We ambled around the garden for as long as time would permit, soaking in the synthetic color and feeling a lot better for it. Unusually, they had hydrangeas in both colors, and delicately hand-tinted azaleas that looked outside of the CYM gamut: a rare luxury, and apparently a bequest from a wealthy Lilac. We noted that there wasn’t much pure yellow in the garden, which was probably a sop to the Yellows in the town. They liked their flowers natural, and since they could cause trouble if not acceded to, they were generally given their own way. When we passed the lawn on our way out, the grass in the anomaly was beginning to turn back to fresh lawn green, more technically known as 102-100-64 . It would be back to full chroma in time for the wedding.

We stepped out of the color garden, and walked back toward the main square. On the way we passed a Leaper who was seated by the side of the road, covered entirely in a coarse blanket except for his alms arm. I put my recently acquired half merit in his open palm, and the figure nodded in appreciation. Dad looked at his watch.

“I suppose,” he said with little enthusiasm, “we should go and have the rabbit experience.”

Paint and Purple

2.6.19.03.951: A resident shall be deemed Purple if his or her individual red and blue perception values are (a) individually higher than 35 or (b) within 20 points of each other. If outside these parameters, the individual shall be defined as the stronger of the two colors. Marital conversion rules apply as normal.

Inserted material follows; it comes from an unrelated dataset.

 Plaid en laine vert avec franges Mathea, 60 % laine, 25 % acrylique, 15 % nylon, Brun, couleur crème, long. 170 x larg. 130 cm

The route to the rabbit we would never see took us past Vermillion’s Paint Shop, something we hadn’t considered when we planned our itinerary. If I’d known National Color had a regional outlet, I would have insisted on at least five slow walk-pasts. The storefront was decorated in docile shades of synthetic olive and primrose, with the National Color lettering a mid-blue that was how I imagined the sky might appear. On display inside the window were paint cans arranged seductively in rows, along with small, garden-sized tubes of plant colorizers for those unable to afford connection to the grid. There were also tins of clothes dye for those eager to flaunt their color, and racks of glass ampules containing food coloring to add that extra I-don’t-know-what to otherwise boring dinner parties.

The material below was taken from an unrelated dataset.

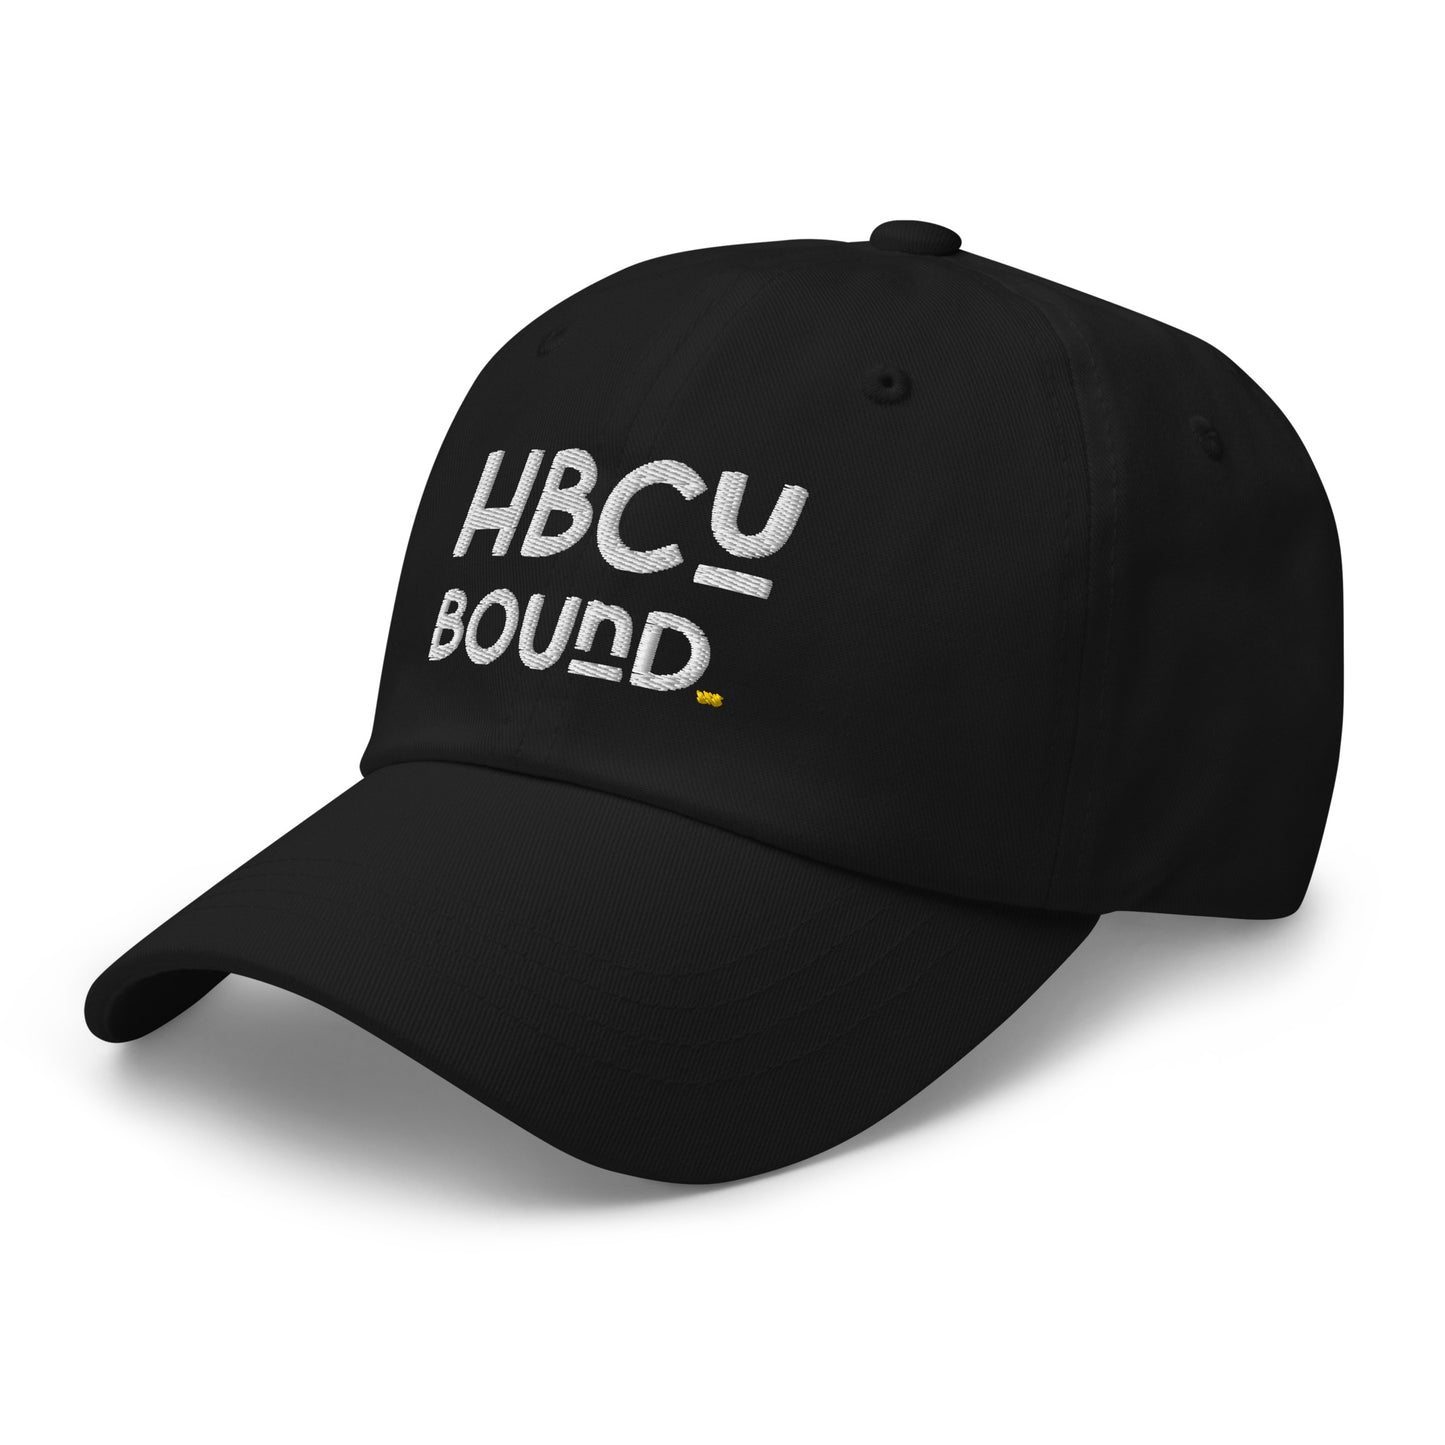 Bound - Dad Hat

I slackened my pace as I walked past the Paint Shop since it was considered exceptionally low-hued to gawp, and stepping inside was almost taboo, as I had no business to be there. Some of the hues in the window display I recognized, such as the single shade of yellow that often graced daffodils, lemons, bananas and gorse, but there were others, too—wild and sultry shades of blue that I’d never seen before, a cheeky pale yellow that might color who-knows-what and a wanton mauve that gave me a fizzy feeling down below. On the cans I noted familiar terms like umber, chartreuse, gordini, dead salmon, lilac, blouse, turquoise and aquamarine, and others that I hadn’t heard before, such as cornsilk, rectory, jaguar, old string, chiffon and suffield. It was all very eye-worthy. I slowed my pace even more when we passed the door, for the interior was as brightly decorated as the exterior, with chatty and hue-savvy National Color salespeople helping prefects from the outlying villages with their choices for communal glory. Our prefects would have come to a place very like this to negotiate a price for the terre verte that now graced our town hall, and so would have Mr. Oxblood. Constance’s family was wealthy enough to have its own bespoke colors mixed—wild, crowd-pleasing shades of etruscan and klein to free the spirit and tremble the cortex during the Oxbloods’ annual panchromatic garden parties.